Jean De Salzmann’s “The Reality of Being”

It is the work of therapy that resolves many of our emotional, and thereby intellectual as well as physical, ‘tensions’. The work of therapy is all about making our suffering conscious. The trauma (pain, distress, fear etc.) we have buried is supported to be faced and accepted and in doing so our wounds are acknowledged, felt and healed over time.

It is this that makes all the difference to being able to live closer to presence, to holding ourselves closer to the energy of sensation, to self-awareness, self-observation and self-remembering. There is still work to do in facing our automatic, compulsive selves, still effort to be made in really taking responsibility for ourselves, and in finding our authentic wish to be. But the point here is that the self-knowledge that therapy brings makes this task possible as opposed to it being almost impossible when there are lots of un-aware and un-reconciled compulsive feelings driving us to remain avoidant in an entirely mechanical way.

The ego is strong when the needs behind my un-reconciled trauma is strong. Then I don’t stand a chance of remaining in touch with sensation and being, or at least if I do through some special circumstances (a retreat, or special training of some sort) it is far from permanent.

Therapy is then a preparation for the work of transformation of energy within the self that De Salzmann discusses. Emotional healing means that I am more relaxed and authentically self-confident (because I know myself there is not so much left to fear), but there is still the task of tuning into my underlying need for transformation into a more consciousness way of being. The task is of confronting the force towards ‘sleep‘ from my habitual ways of being.

It seemed to me that many in the ‘Gurdjieff Work’ tried to run before they can walk. The mistake is to see the compensatory wish for change as an authentic wish to be. If the wish comes from wanting to escape without having to face deeply held trauma, then those people are condemned to go around in circles. Which is was certainly what I did and I don’t think I was alone.

Un-reconciled trauma always turns us against ourselves, it means that we are caught in “victim mode”, caught with an underlying belief in our inadequacy, in ‘badness’ and in fear.
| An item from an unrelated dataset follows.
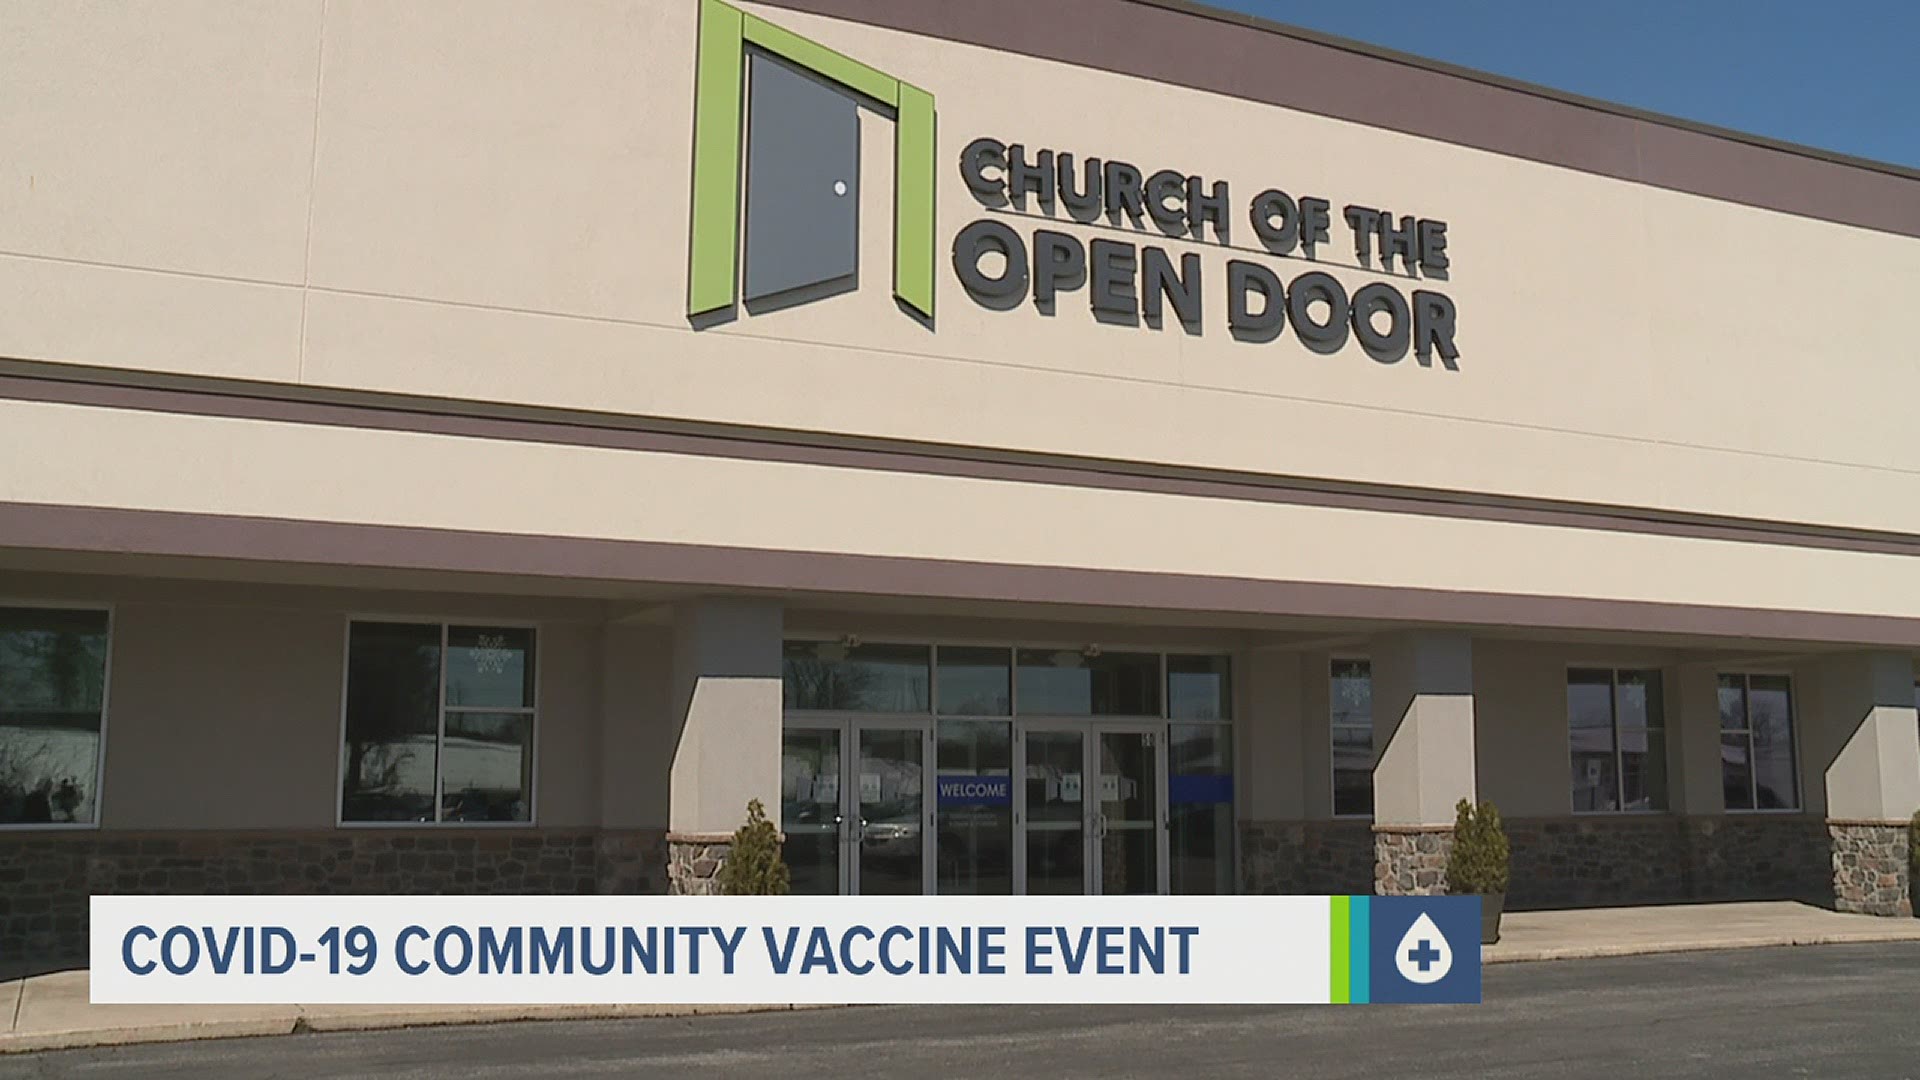 The clinic will be held inside the Church of the Open Door in the 4000 block of East Market Street in York  from Feb. 24 through Feb. 26, according to Walmart.

This in turn inevitably means we are also cursed with the other end of this narcissistic stick too, which is a sense of superiority and judgement and arrogance.

So the ego needs to heal before we have a chance of staying close enough, for long enough, with an authentic non-compensatory wish to ‘be’ (with, as De Salzmann says, “sincerity”), for transformation to have a chance. She explains so well how it is this deeper wish for consciousness itself that has to be present to enable a permanent transformation to the next “stage of consciousness” (Wilber) to take place. Our wish needs to come not from compulsion, but from deep self-responsibility and opening, from answering the authentic call to Being in the depth of our self, which is always there in some form.

As De Salzmann says, our wish has to also come from love, “toward inner rebirth, it is the true feeling of love that enables”(p259) this transformation to be possible. Healing the ego is about going through the middle of our trauma, facing the very depth of the hurt and fear of our insecurity. From my therapeutic perspective it is this that can open our hearts sufficiently for us to find a more objective love, with its compassion for self and other.

I feel close to this wish. I want to find freedom from my compulsiveness, I want to live closer to my sensation and energy and presence. I want to find my freedom from the cycle of defeat (archaic patterns of deficit) with its trying again and again after getting caught into some form of ‘giving up’ (I have long learnt to forgive myself for this, blame is far beside the point). But tiredness has long been my Achilles heel, so being able to bear tiredness with my presence intact is a core challenge. Related to this is also my relationship to hunger and food, with the challenge of being able to bear being hungry and not over eating as a compensation for tiredness.

Is it that I need more therapeutic insight in these areas? Or is it down to deepening my wish and taking more self-responsibility? This is a good question. I sense the latter is the case now, after integrating so much therapy I feel quite close, my heart feels open … I feels like I’m in an experiment at the moment … so, we shall see.